Let's break that down.

  • $\mathbf{v}_t$ is the vector embedding of the $t^{\text{th}}$ word, $w_t$.
  • $\mathbf{v}_{t+c}$ is the embedding of one of its context words, $w_{t+c}$ ($|\mathcal{D}|$ is the length of the training dataset).
  • We estimate the similarity between $\mathbf{v}_t$ and $\mathbf{v}_{t+c}$ by their dot product, $\mathbf{v}_t^T\mathbf{v}_{t+c}$.
  • By passing the similarity score through a logistic sigmoid as $\sigma(\mathbf{v}_t^T\mathbf{v}_{t+c})$, we get a number between 0 and 1 that we can interpret as the probability that word $w_{t+c}$ occurs in the context of word $w_t$. This is called the "skipgram probability." Please use the sigma function provided in the submitted.py to compute the sigmoid.
  • The term $\mathbb{E}_{w_i\sim P}\left[\log\left(1-\sigma(\mathbf{v}_t^T\mathbf{v}_i)\right)\right]$ is the expected value, over words $w_i$ drawn according to some probability distribution $P$, of the log probability that word $w_i$ does NOT occur in the context of $w_t$. The formula suggests that we want the true value of this expectation, but in practice, we compute a very crude estimate: we just sample one word randomly from the distribution $P$, and then we compute $\log\left(1-\sigma(\mathbf{v}_t^T\mathbf{v}_i)\right)$ for the word that we sampled.
  • The reasoning behind the loss: If $w_{t+c}$ is in the context of word $w_t$, we want to increase the neural net's estimate of the probability of this event. If $w_i$ is chosen completely at random, we consider it to be random noise, so we try to increase the probability that $w_i$ and $w_t$ are NOT in context. We treat these as independent events, so their probabilities are multiplied. Maximizing the probability of these events is the same as minimizing the negative log probability.

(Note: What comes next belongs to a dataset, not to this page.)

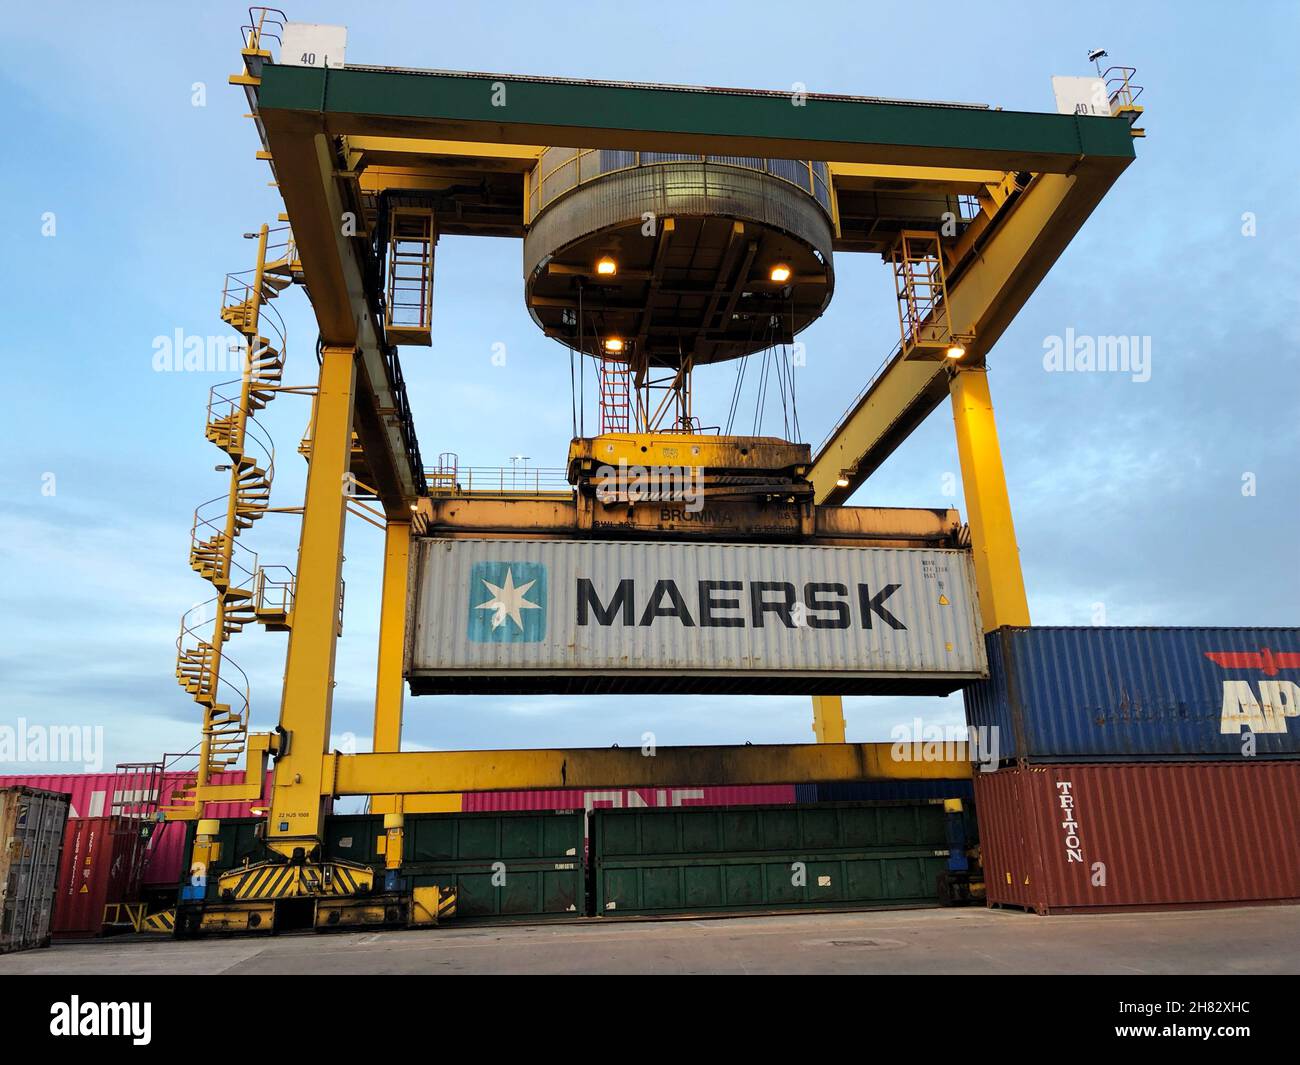 A Maersk shipping container being loaded onto a freight train by an overhead crane at a goods terminal or dock Stock Photo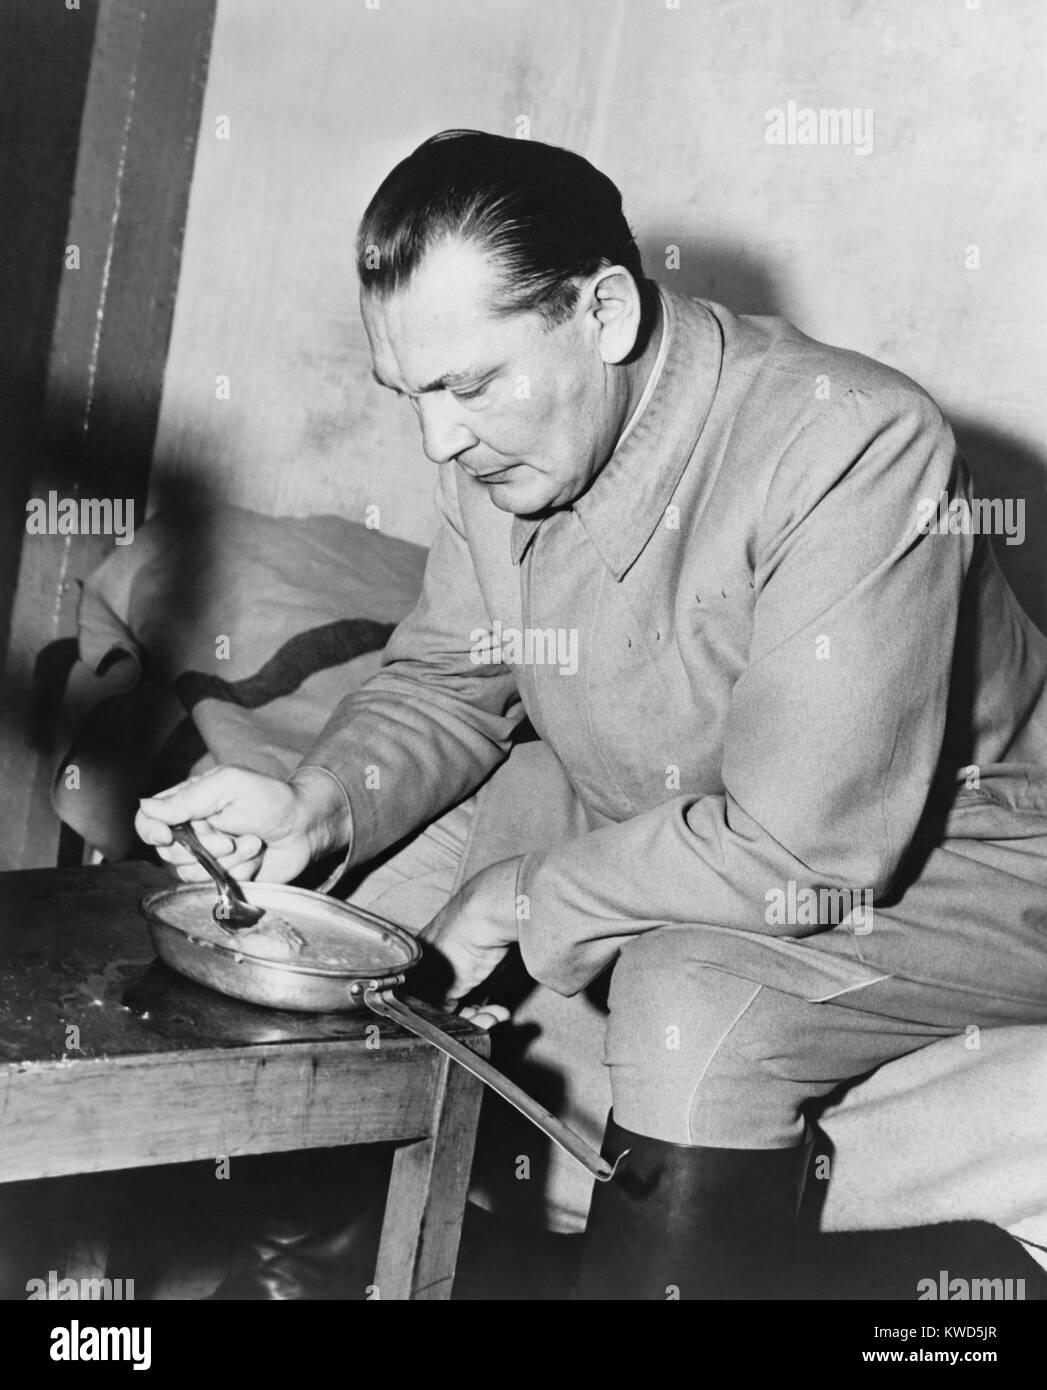 War criminal Hermann Goering eating gruel from a metal pan in prison. He was the highest ranking Nazi to be convicted at the Nuremberg Trials. Nov. 1945-Oct. 1946. (BSLOC 2014 13 2) Stock Photo

The context window ($d$) and the noise sample size ($k$) are called hyperparameters. Hyperparameters are numbers that need to be chosen before you can begin gradient descent. We will specify them as parameters of the function called submitted.gradient:

In [16]:
help(submitted.gradient)
Help on function gradient in module submitted:

gradient(embedding, data, t, d, k)
    Calculate gradient of the skipgram NCE loss with respect to the embedding of data[t]

    @param:
    embedding - dict mapping from words (strings) to numpy arrays.
    data (list) - list of words in the input text, split on whitespace
    t (int) - data index of word with respect to which you want the gradient
    d (int) - choose context words from t-d through t+d, not including t
    k (int) - compare each context word to k words chosen uniformly at random from the data

    @return:
    g (numpy array) - loss gradients with respect to embedding of data[t]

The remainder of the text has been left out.